- **YOUR OBJECTIVE**: Take the lines in the listing below from the line with "Ammara earrings" up to and including the line with "745) ve edebiyatta" and set them down exactly, skipping pictures and adding nothing.

- **TASK MATERIAL**:
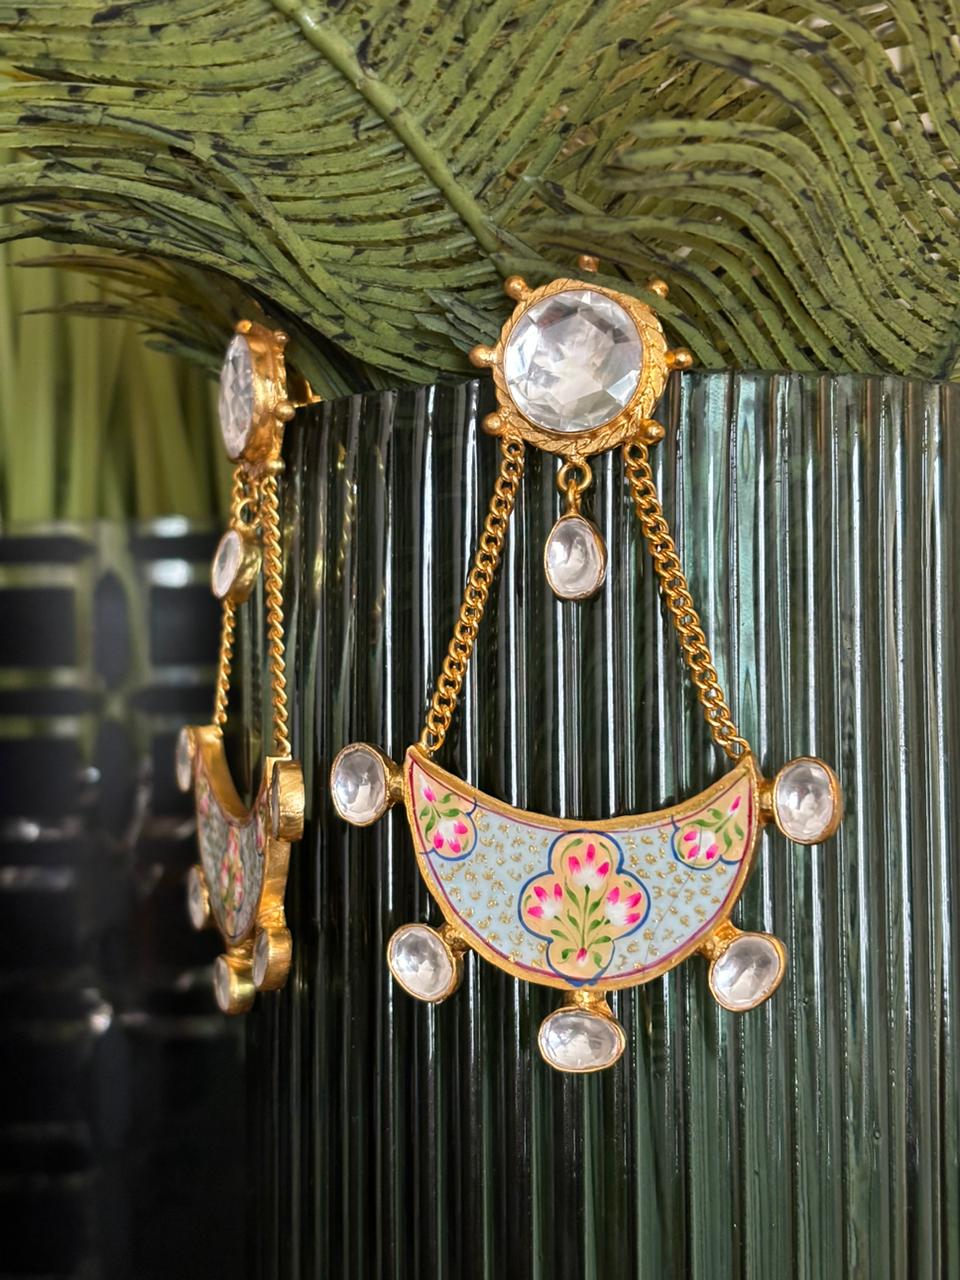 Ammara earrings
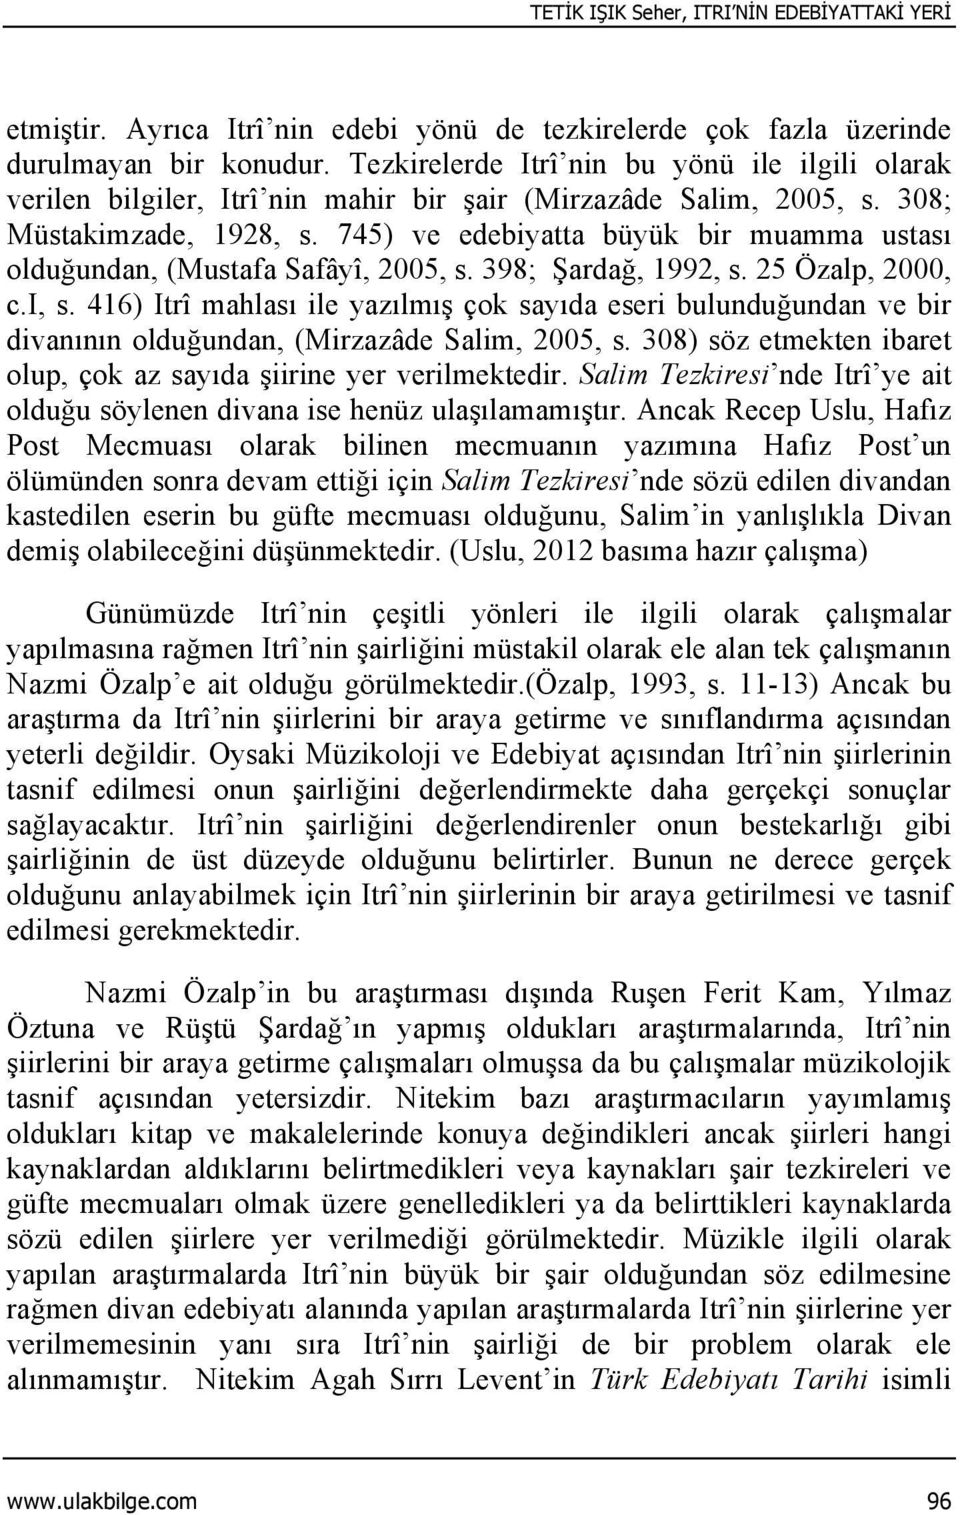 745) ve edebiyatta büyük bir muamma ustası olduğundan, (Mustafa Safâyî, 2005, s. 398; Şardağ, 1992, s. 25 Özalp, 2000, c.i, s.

==

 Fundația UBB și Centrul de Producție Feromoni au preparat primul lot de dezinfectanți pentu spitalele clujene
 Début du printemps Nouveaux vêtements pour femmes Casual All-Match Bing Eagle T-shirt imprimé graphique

- **ANSWER TO THIS TASK**:
 Ammara earrings
 745) ve edebiyatta büyük bir muamma ustası olduğundan, (Mustafa Safâyî, 2005, s. 398; Şardağ, 1992, s. 25 Özalp, 2000, c.i, s.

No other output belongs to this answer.